In retrospect, U.S. real GDP grew much better in 2002 than feared, proving that an old-fashioned Keynesian macroeconomic stimulus works in many circumstances.  Real estate markets flourished, making consumers forget about the eventual hit that equities took.  Other economies followed suit.  Japan blossomed sooner than promised, and Europe experienced brisk growth with sharply falling unemployment after 2003.  The long war has been just that.  Seven years after Pearl Harbor (December 1948) came more than three years after WW2 had ended, and seven years after the Gulf of Tonkin Resolution (August 1971) was just 17 months from the end of U.S. involvement in the Vietnam War.  The finish line to the war on terrorism is not in sight, and no longer boils down to capturing Bin Laden.  U.S. growth over the whole time since 9/11 was clearly below a typical seven-year period, leading observers to wonder increasingly if the United States is headed for a decade-or-longer malaise like it went through in the 1930’s or that Japan experienced in the 1990’s.

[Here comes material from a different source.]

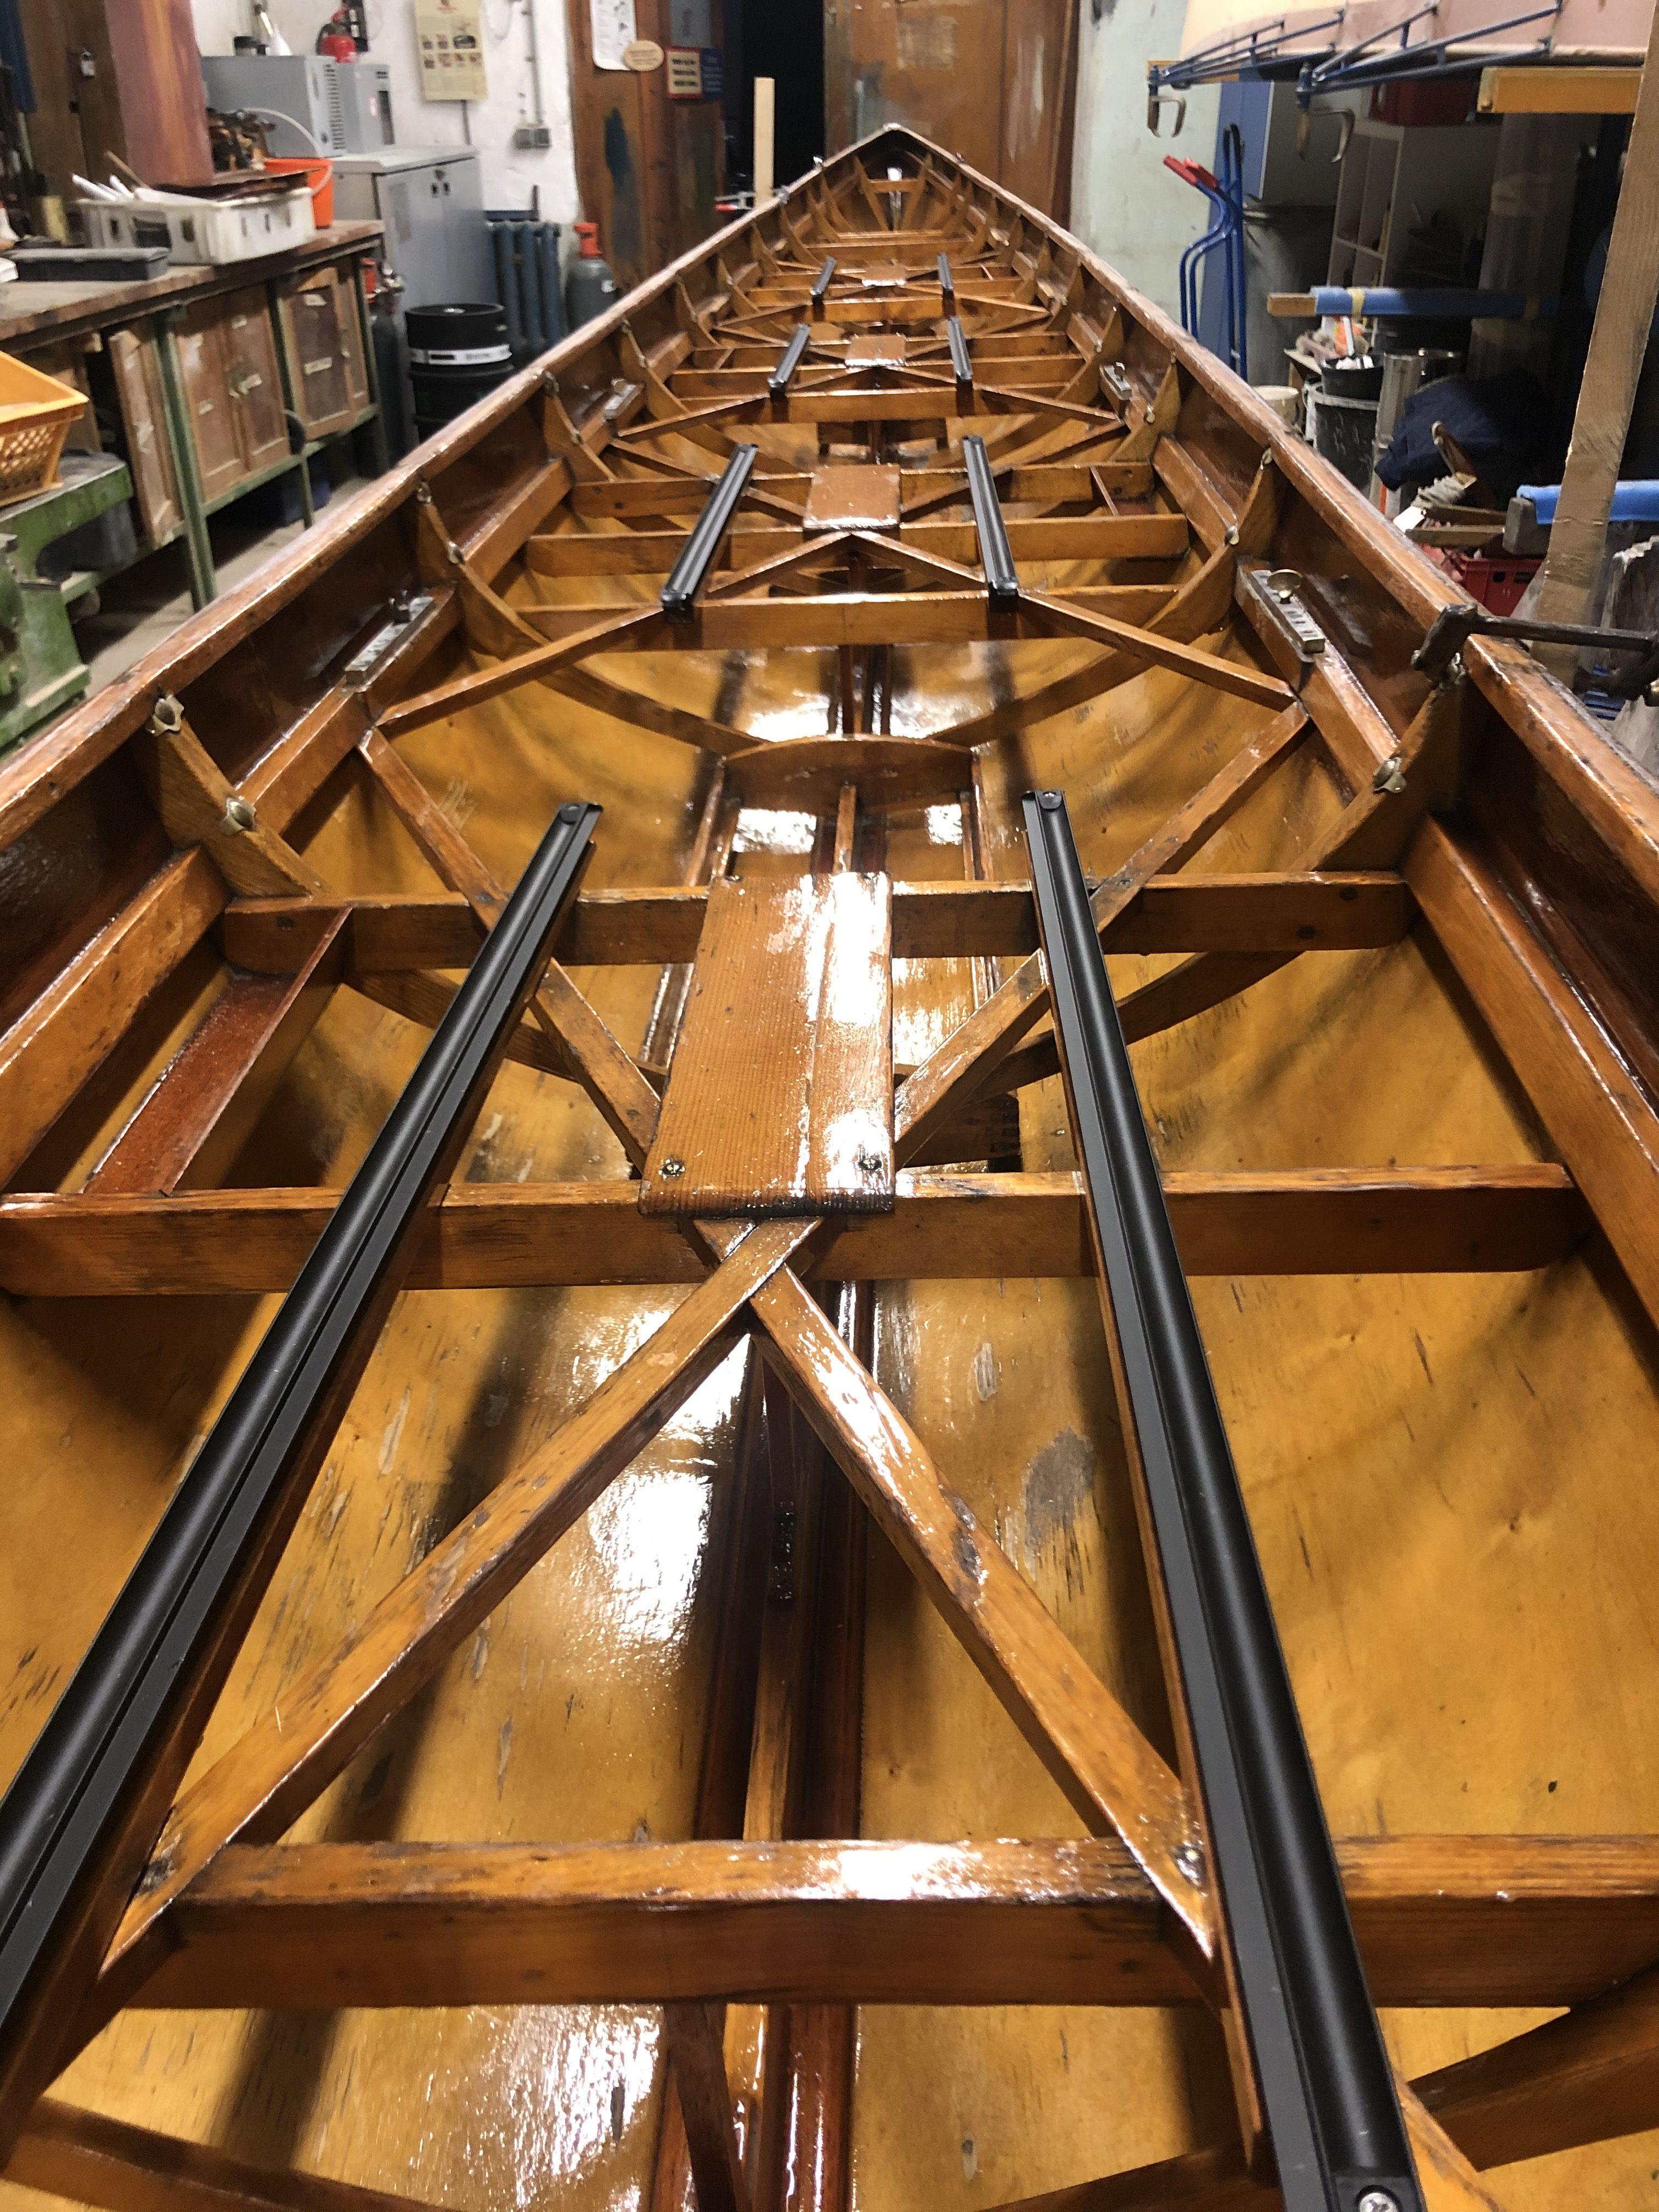 Vorbereitung für die Saison – Bootsüberholung

Those who forget history are forced to relive it.  I am struck by the similarity of economic conditions, policies, and expectations that prevail in September 2008 to those in September 2001.  While worries about near-term economic conditions proved too pessimistic, with global growth truly sizzling along for several years, the productivity-led boom was not without its dark side.  Many people did not see their standard of living rise in these seven years, and world growth was greased by a financial system that was far less understood and far more vulnerable than generally realized.  Japan back-pedaled on reforms after Koizumi stepped down, and Europe and Canada are again demonstrating an inability to decouple from the U.S. business cycle.  Some things do not change, but sometimes the biggest changes come from unexpected places.  The main development of these seven years is one that was not discussed on September 12, 2001.  I refer to the enormous real transfer of current and future resources to oil producers and Asian emerging nations led by China.

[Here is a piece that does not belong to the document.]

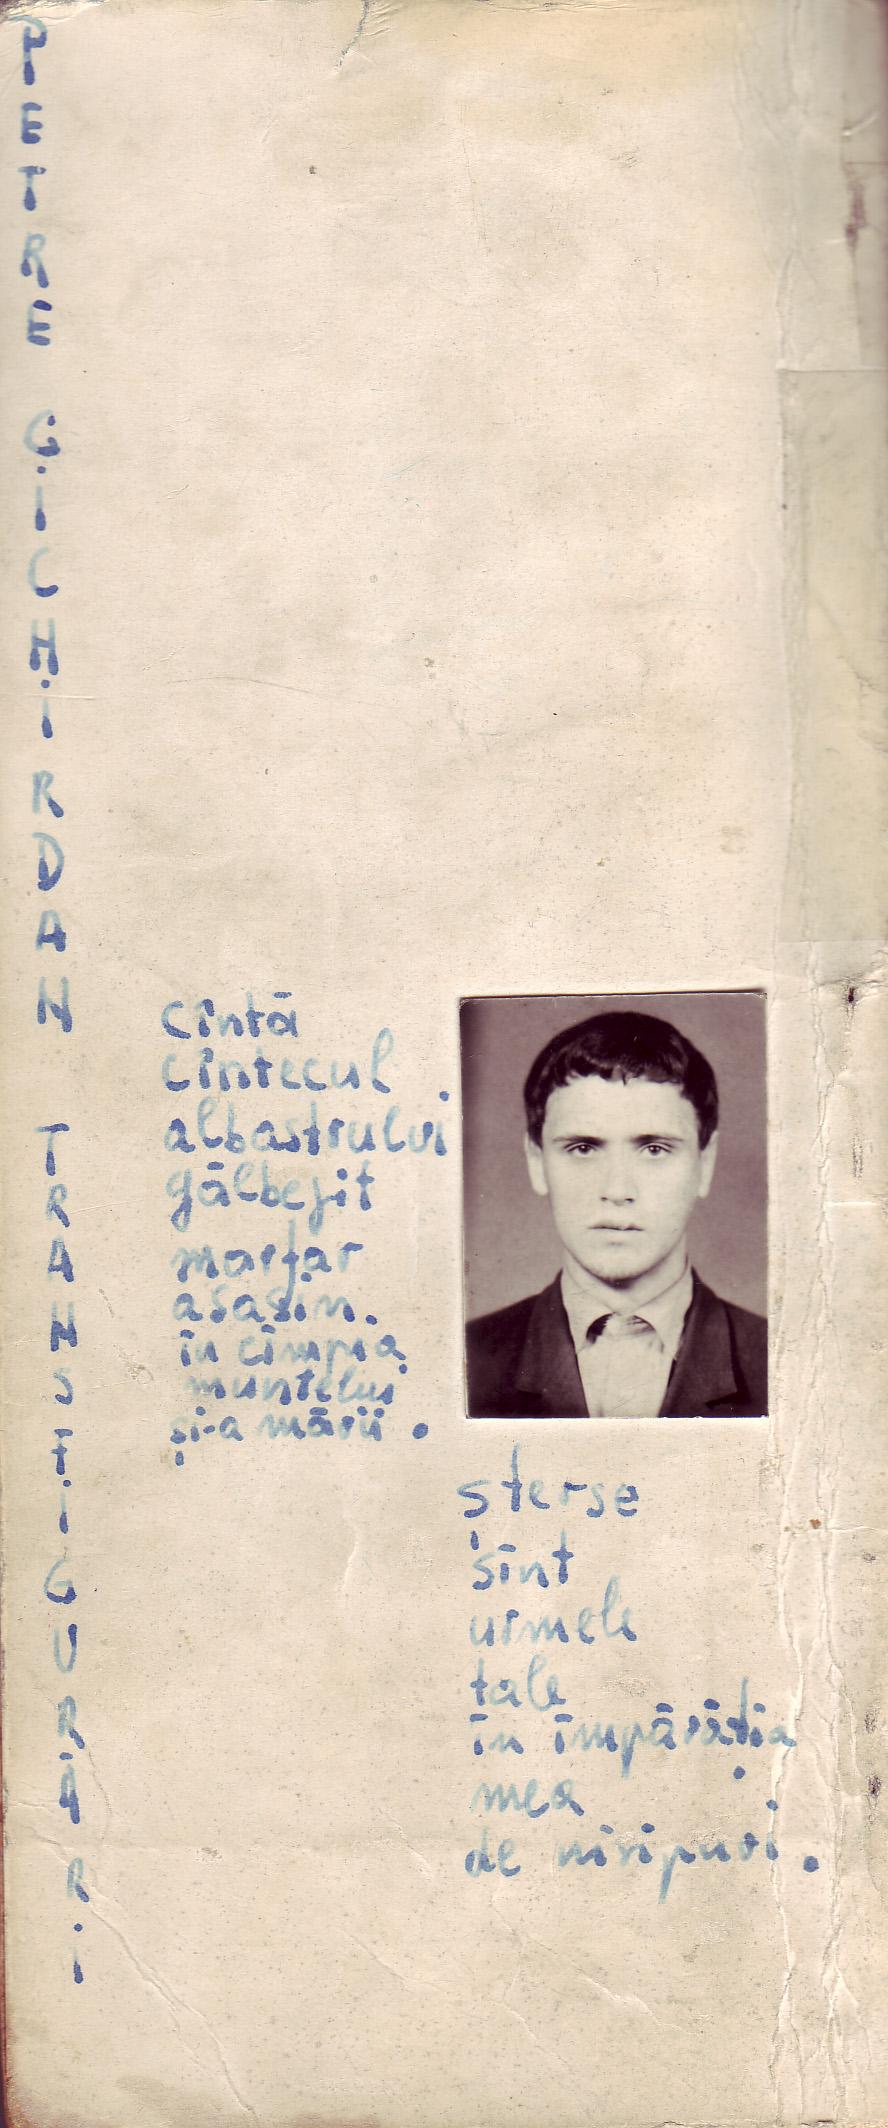 Transfigurări, Ed. Sus Arta, 1968, coperta 2, colecţia C. Poenaru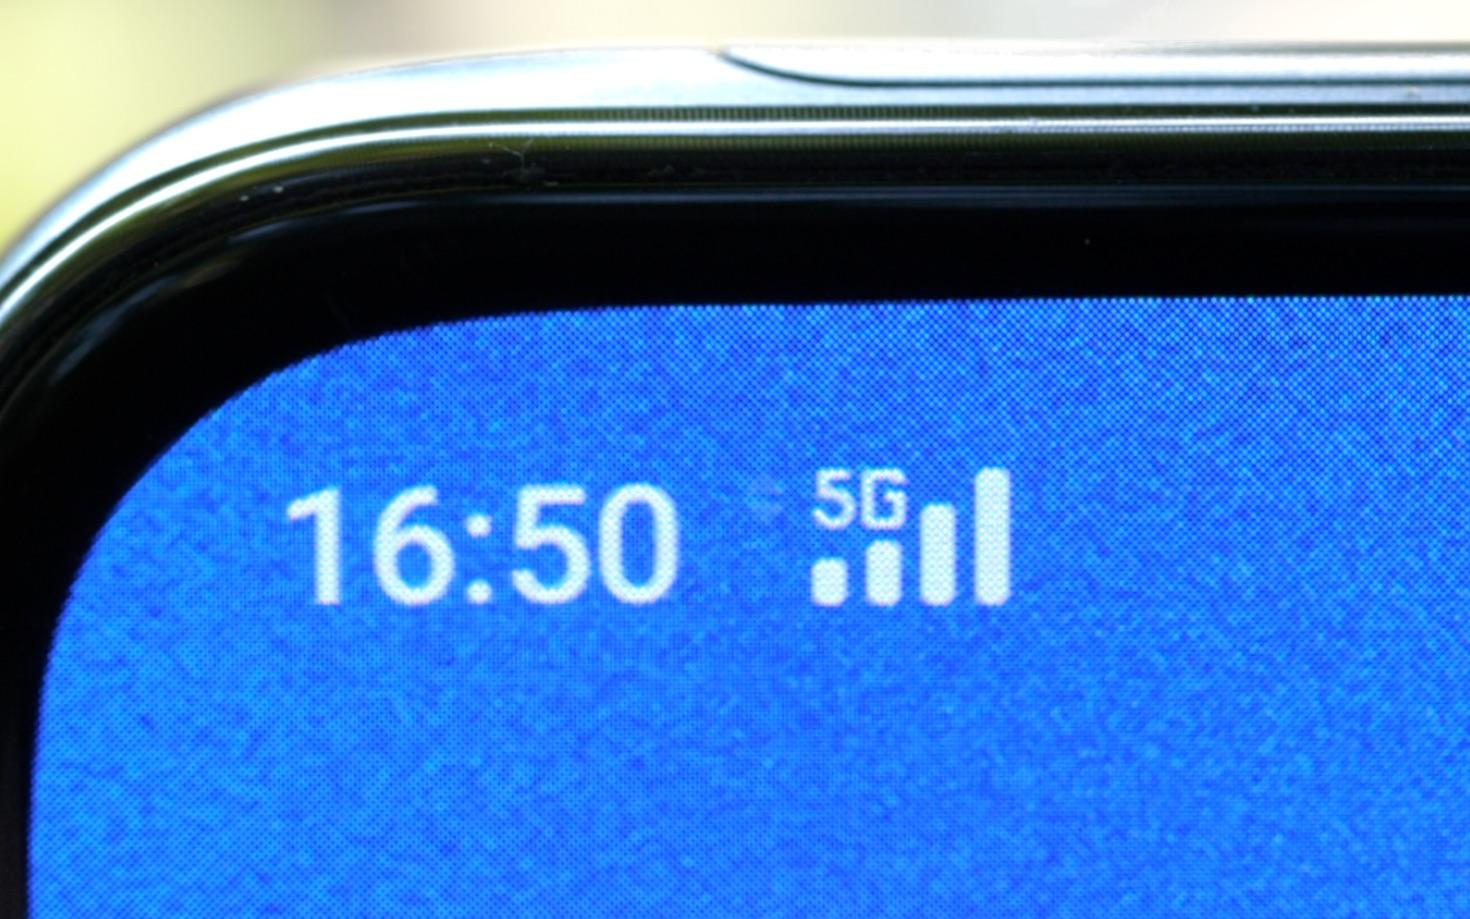 【何同学】有多快?5G在日常使用中的真实体验

Can any of that be blamed on 9/11?  President Calvin Coolidge famously said the business of America is business.  The point of war is to preserve the freedoms and hopes that enable ordinary people to go about their business.  In that broad sense, victory or defeat is not measured by what happens on the battlefield bu
t rather by what happens on the home field.  If at the end of the day one’s foe in war is vanquished but the troops come home to an economy that is heavily indebted and struggling to compete in world markets, has victory been won?